Extracurricular activities

Visual and performing arts
In 2007, band and orchestra teacher Dr. Carla Bartlett won the Performing Arts Center of Los Angeles County's Bravo Award as an in the Arts Specialist division, one of the highlights of her career. Leading the District Band along with rival Alhambra High School's Mark Trulson and San Gabriel High School's Tammy Cognetta, Dr. Bartlett and the marching band qualified to participate in the 2009 Tournament of Roses Parade.

Justin Lee, a UCLA graduate, now directs the school's band and orchestra, following Dr. Bartlett's retirement in December 2016.

The school has an active theatre arts program led by Nadine Page Phillips. Plays, musicals, and other performances occur throughout the school year, often in conjunction with the school orchestra. In 2015, Mark Keppel High theatre students were invited to the Edinburgh Festival Fringe in Scotland where they performed in a rendition of Peter Pan. Various UC "A-G" certified programs such as AP Art History are offered.

Previously, the school also had their own concert choir and show choir, led by their teacher and director Tony Azeltine. The competitive advanced group, known as "Aztec Singers," competed in various show choir competitions across Los Angeles. About once a year, the students would travel out-of-state to perform or compete with other show choir and concert choir students across the continent.

Athletics
The Varsity football team, under coach Eddie Wagner, beat Pasadena High School 19-13 for the 1944 CIF-SS Championship at the Los Angeles Coliseum.

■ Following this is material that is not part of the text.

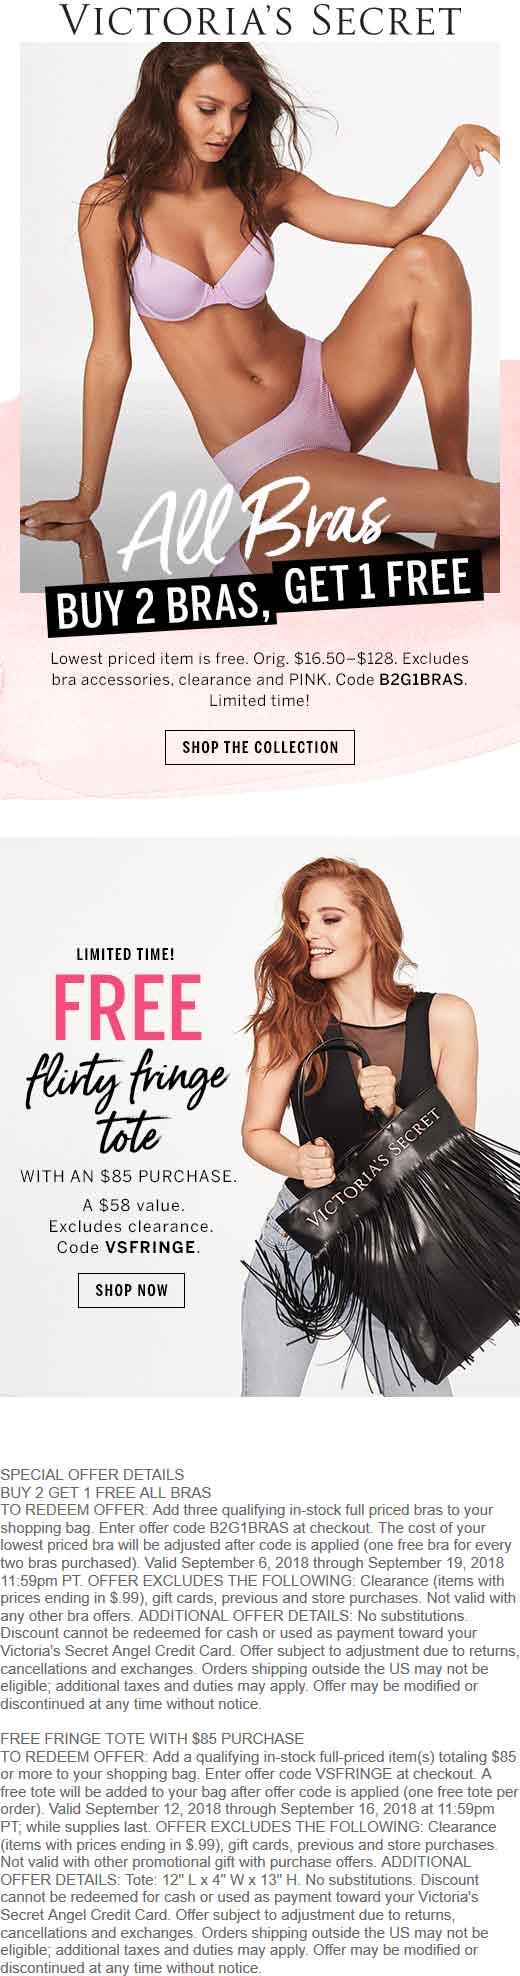 Victorias Secret Coupon May 2020 Free fringe tote with $85 spent today at Victorias Secret, or online via promo code VSFRINGE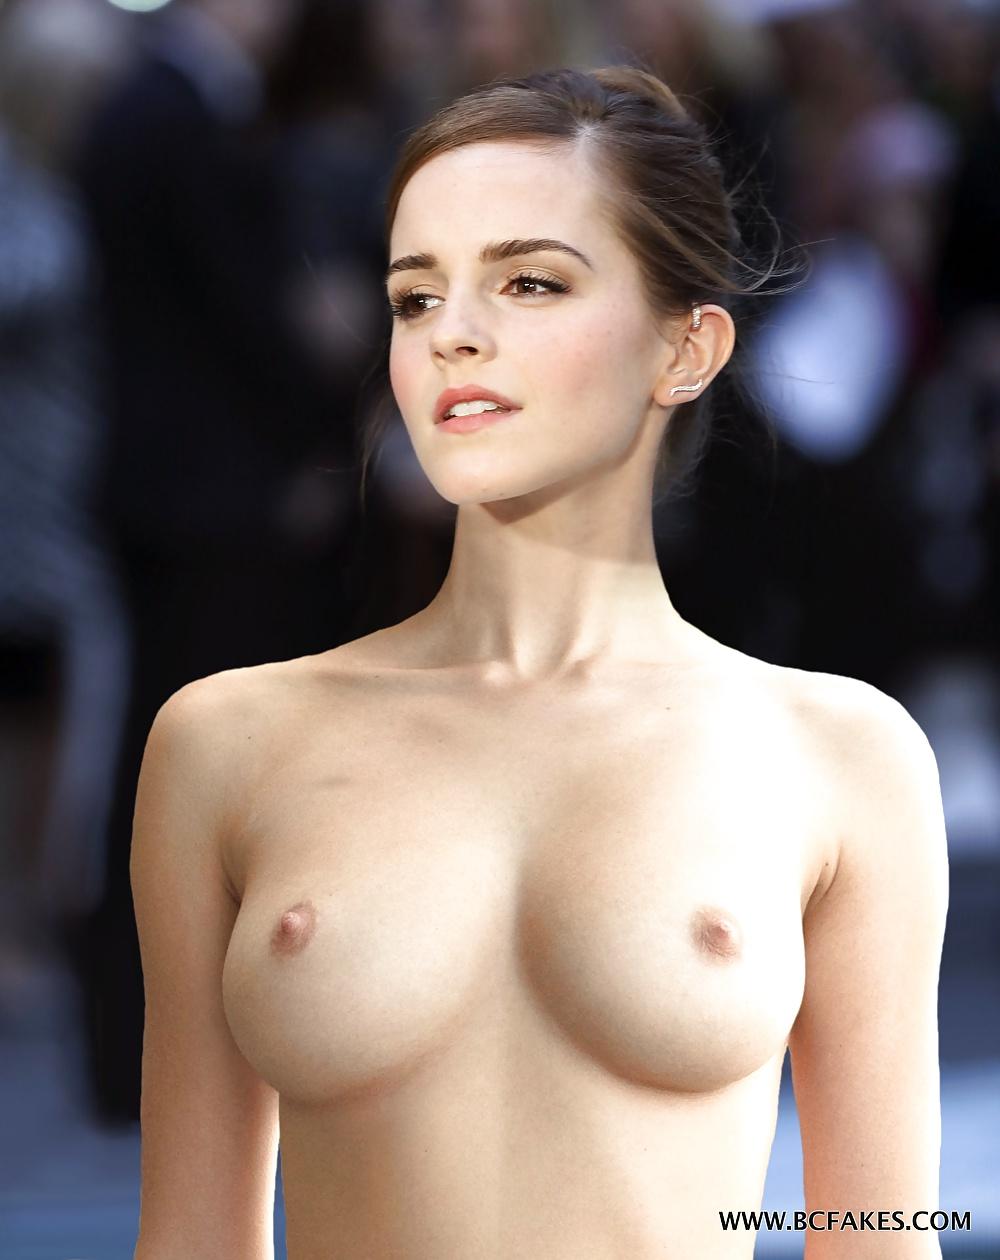 Emma watson topless pic

Mark Keppel has established itself as one of the premier co-ed Badminton schools in Southern California in the late 1980s and throughout the 1990s. The badminton team has won CIF-SS championships in 1987 (3-A), 1990 (3-A), 1991 (3-A), 1992 (3-A), 1993 (I), 1994 (I), 1996 (I), 1997 (I), 1998 (I), and 2010 (I).

Both the Aztec Boys and Girls Varsity swim teams won back-to-back CIF-SS Division IV championships in the 2007 and 2008 season. The Girls Varsity swim and dive team won the CIF-SS Division III championships in the 2010 season. In addition, the Aztecs have captured the Division 3 CIF-SS championship 2011 in both Boys and Girls.

The boys Varsity soccer team of 1979 won the CIF-SS Division III championship by beating Orange County's University High School by the score of 4-2. This was the first CIF title for the school in any sport during the previous 25 years.

Publications
Mark Keppel High School's journalism class runs the monthly newspaper, The Aztec. The yearbook is Teocalli, named after the Aztec temple, and comes out once a year several months before summer break begins. Until June 2016, "Idea Magazine" was a student-run, biannual compilation of Mark Keppel students' work in literature and art, advised by AP English teacher Mrs. Patrice Flores. "U Magazine" is a registered student publications club, also advised by Mrs. Flores, for the school year 2016–2017.

Architecture
Mark Keppel High School is designed in the Streamline Moderne architectural style, a variant of the Art Deco, and a product of the Great Depression. While the Art Deco celebrated the mechanization of the Jazz Age with big, bold, vertical designs, exotic materials, and elaborate decorations, the Streamline Moderne was a more reserved and utilitarian style. The Streamline Moderne mimicked the fast, dynamic look of machines with sleek, aerodynamic and nautical forms, low horizontal designs, rounded corners, and shiny materials.

The architecture of Mark Keppel High School features rounded corners in and outside the auditorium, on the staircase leading up to the front entrance, and in all the interior stairwells. Incised horizontal lines cut through the brick stringcourse which wraps the lower part of the building and the brick pillars between the windows. The stucco texture coat of the facade features designs that emphasize horizontal shapes; blocks between the windows on both floors and along the top of the building contribute to the geometric, yet sleek look of the building. The uppermost block is bounded by a horizontal brick band, and the building is crowned with a small inset ledge. Extra handrails are found in front of the windows in the second floor hallways, in front of the display cases around the administration offices, and on the north wing exterior staircase.

Murals
Mark Keppel High School features three bas relief murals made by native Southern California artist, Millard Sheets.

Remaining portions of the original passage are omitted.